Weather Delay 🚂⛈️

GR
Gianluca Rea

🚂⛈️ Overview

Weather Delay is a machine learning project focused on predicting train delays from historical delay behavior and weather conditions.

The broader idea is simple: if delay predictions become more reliable, rail travel becomes easier to trust, and that can support a shift toward more sustainable transportation.

Why I built it

Delays are one of the main pain points for train users. I wanted to explore whether weather signals, combined with operational delay patterns, could improve predictive quality enough to be practically useful.

The project aims to:

  • Improve delay estimates for passengers
  • Support operator-side planning decisions
  • Increase trust in rail as an alternative to car travel
  • Contribute to sustainability-oriented mobility strategies

🦾 Repository

Code and notebooks: github.com/gianlucarea/weather-delay

📊 Methodology

The study evaluates both classification and regression pipelines:

  1. Classification: Predict if a train will be delayed beyond a threshold
  2. Regression: Predict the exact delay duration

Both approaches model relationships between:

  • Departure delay (key historical indicator)
  • Weather conditions at the time of travel
  • Route and temporal factors

Modeling workflow

  1. Collect and align train and weather datasets.
  2. Clean and preprocess temporal and route-level features.
  3. Engineer predictive features from delay and weather signals.
  4. Train and compare classification and regression models.
  5. Evaluate performance tradeoffs and feature impact.

📈 Data Sources

The project combines multiple data providers:

🛠️ Tech Stack

  • Python: Core implementation language
  • Pandas: Data manipulation and analysis
  • NumPy: Numerical computations
  • Scikit-Learn: Machine learning algorithms and evaluation
  • Jupyter Notebooks: Interactive data analysis and experimentation

🚀 Project Structure

Main analysis artifact:

  • 02-Data Analytics: Main data analysis and model development notebook
    • Data loading and exploration
    • Feature engineering from weather and delay data
    • Model training and evaluation
    • Comparison of classification and regression approaches

Note: data files must be downloaded from the listed sources before preprocessing and training.

📝 Research Focus

  • Comparing different classification algorithms for delay prediction
  • Evaluating regression models for delay duration estimation
  • Feature importance analysis of weather and temporal factors
  • Model performance trade-offs between accuracy and simplicity

What I learned

  • How weather and operational signals interact in delay prediction tasks
  • How to frame the same domain problem as both classification and regression
  • How to communicate model tradeoffs clearly in notebook-based experiments

🤝 Contributing

Contributions are welcome. If you want to improve data preparation, model evaluation, or documentation clarity, feel free to open a pull request.

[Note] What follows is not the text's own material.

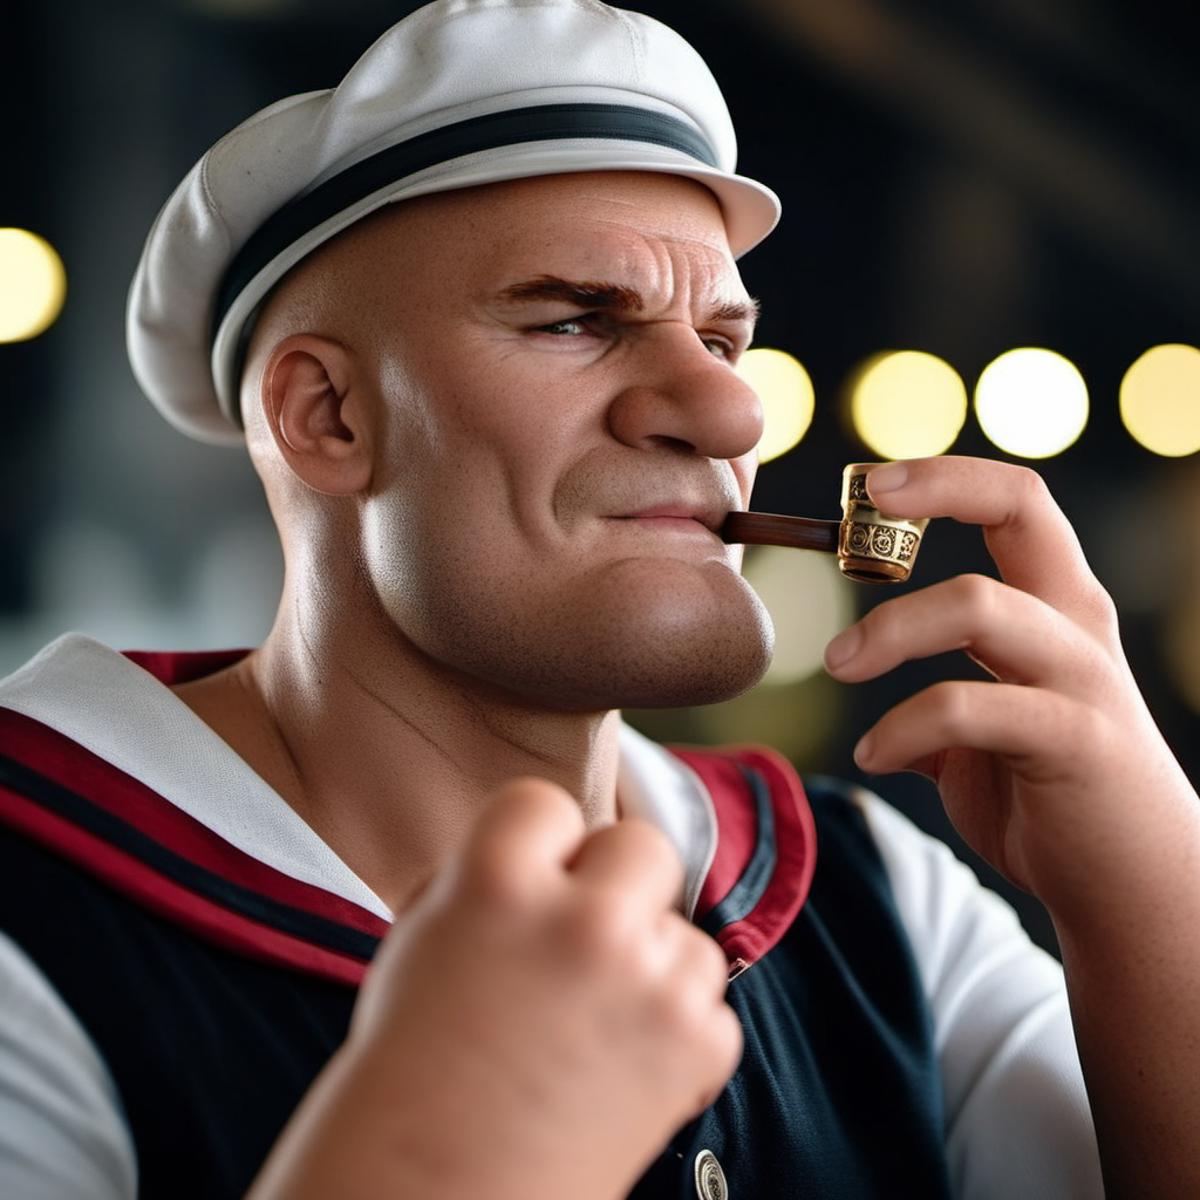 Popeye the Sailor Man - SDXL image by PhotobAIt
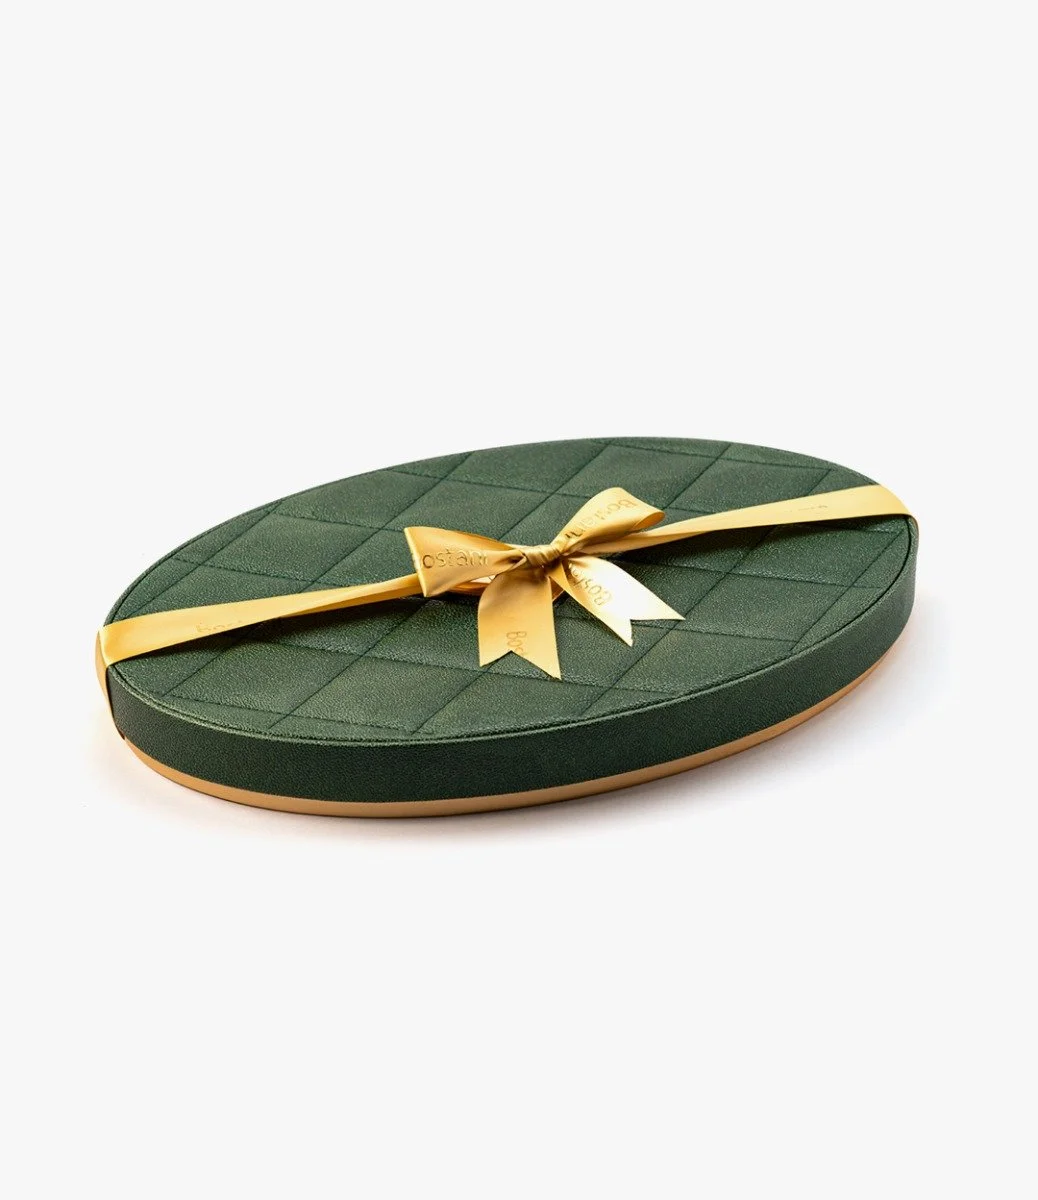 Oval Green Luxury Box By Bostani  - Big

Suggested contribution flow:

  1. Fork the repository
  2. Create a new branch for your feature or bugfix
  3. Commit your changes and push them to your fork
  4. Submit a pull request with a detailed description of your changes

Please ensure that your code follows the project's coding standards and includes appropriate documentation.

📜 License

This project is licensed under the MIT License. See the LICENSE file for more details.